North of Hamburg, Gettorf Zoo is the exception to the rule of small German collections, and in many ways is closer to the small zoos of Britain and the rest of Europe. An eland and a zebra or two aside, the animals are certainly at the smaller end of the spectrum, and there are two definite areas of specialisation: primates and hornbills. Furthermore, the housing for the collection is of the homely but rather dilapidated type which will be familiar to British zoo-goers. It is a long way from the pristinely manicured Osnabrück Zoo, but in its own way it is every bit as charming. Take away the hornbills and the primates, and there isn't really much to Gettorf: mammals of the most commonly-seen zoo species (Brazilian tapir, Bennett's wallaby, blackbuck et cetera) and a selection of tropical birds. But the unremarkable nature of the rest of the collection is fully compensated for by its excellence in its areas of specialisation. There are currently seven species of hornbill at the zoo, with several of them breeding freely.
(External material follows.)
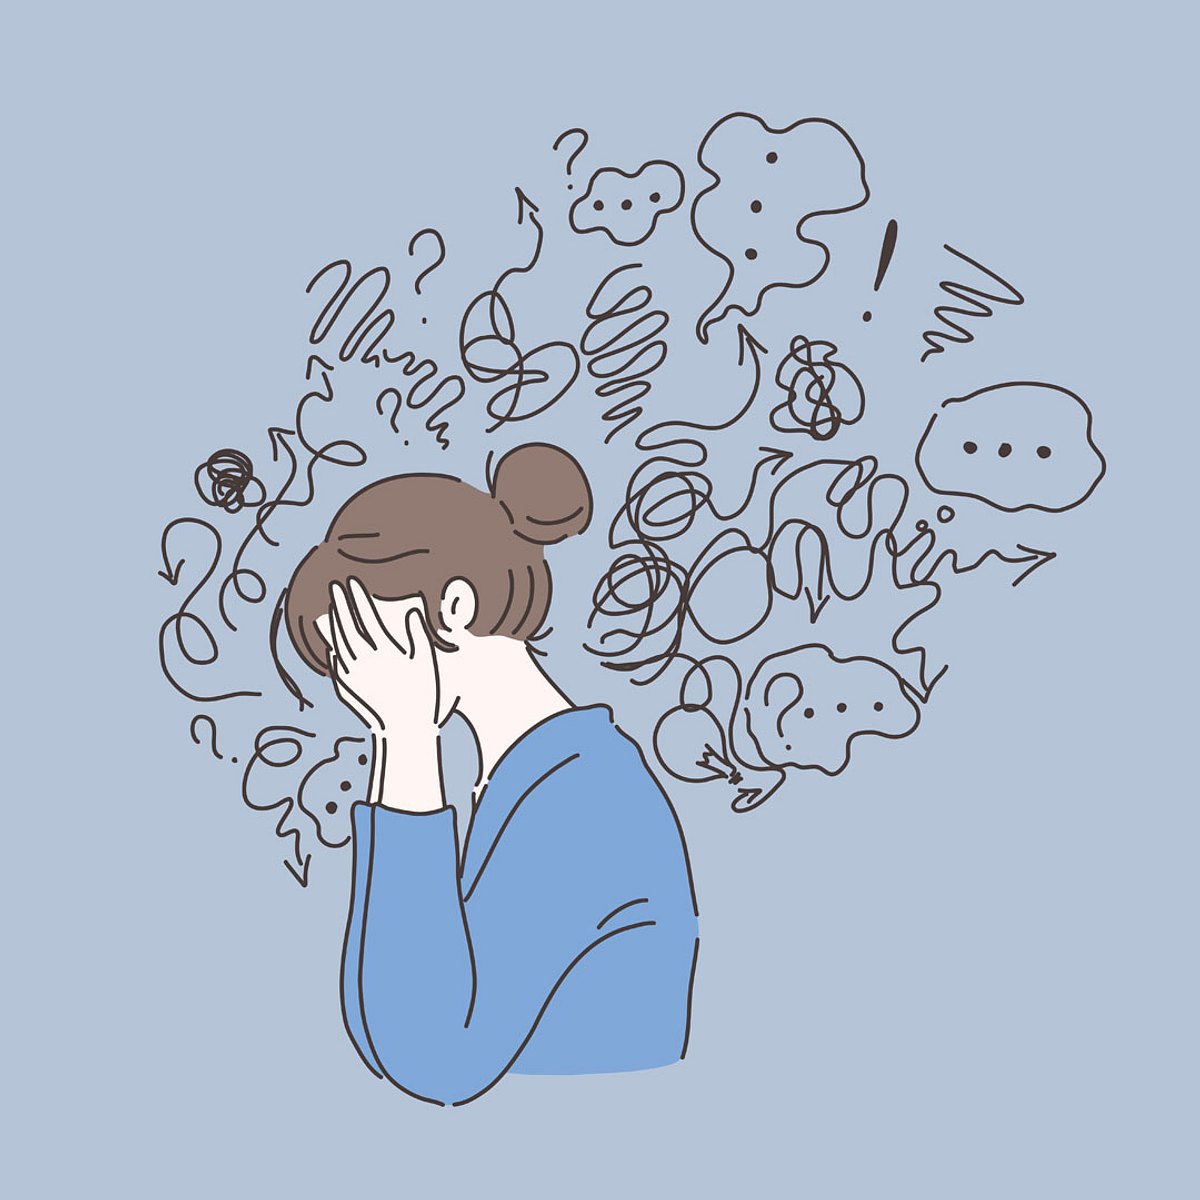 4 Anzeichen, dass du unmotiviert bist - und nicht faul: Du bist gestresst

The housing is simple — a row of aviaries in the sort of glorified greenhouse which, in another life, might have found itself filled with bags of peat and potted cacti in a suburban garden centre. It is splendid to see such a range of these most charismatic birds, and even more splendid that they are clearly thriving in northern Germany.

The primate collection is a curious one, in that it is large — just under 20 species — but, with a few exceptions, composed almost entirely of `unfashionable' species. In many ways it is all the more interesting for that: brown capuchins, pig-tailed and Barbary macaques, and squirrel monkeys (Bolivian and black-capped) are all well worth seeing despite their relative lack of rarity. There are rarer species too: black mangabeys, diana monkeys, and Sulawesi macaques. Apes are represented by four female chimpanzees and a group of lar gibbons, and there are also half a dozen species of marmoset and tamarin. As with the hornbills, the housing is functional — much of the collection is to be found in what appears to be a converted string of stables — but the primates too look to be doing well. Gettorf is doubly unusual for a German zoo, in that it is privately owned: this does mean that its entrance fee is steep, but it also enables the place to plough its own pleasingly eccentric furrow.

There are, of course, many more `smaller zoos' across Germany: many readers of I.Z.N. will be familiar with the excellent Rheine Zoo, for example; the Darmstadt Vivarium is a wonderful place, with a number of outstanding displays; and the zoo in the beautiful city of Schwerin is definitely to be recommended, not least for its tremendous combined bear and wolf enclosure. Germany also has its full share of truly dreadful small zoos as well: in particular, the historic city of Lübeck is home to the sort of appalling little menagerie for which there is simply no excuse. Such a place is depressing to see — and, one would imagine, must be even more depressing for the bear, the leopard, the tiger and the chimpanzees who have to live there — but it does not detract from the fact that in Germany, as in the rest of Europe, there is a great deal which is very good in many of the less well-known zoos.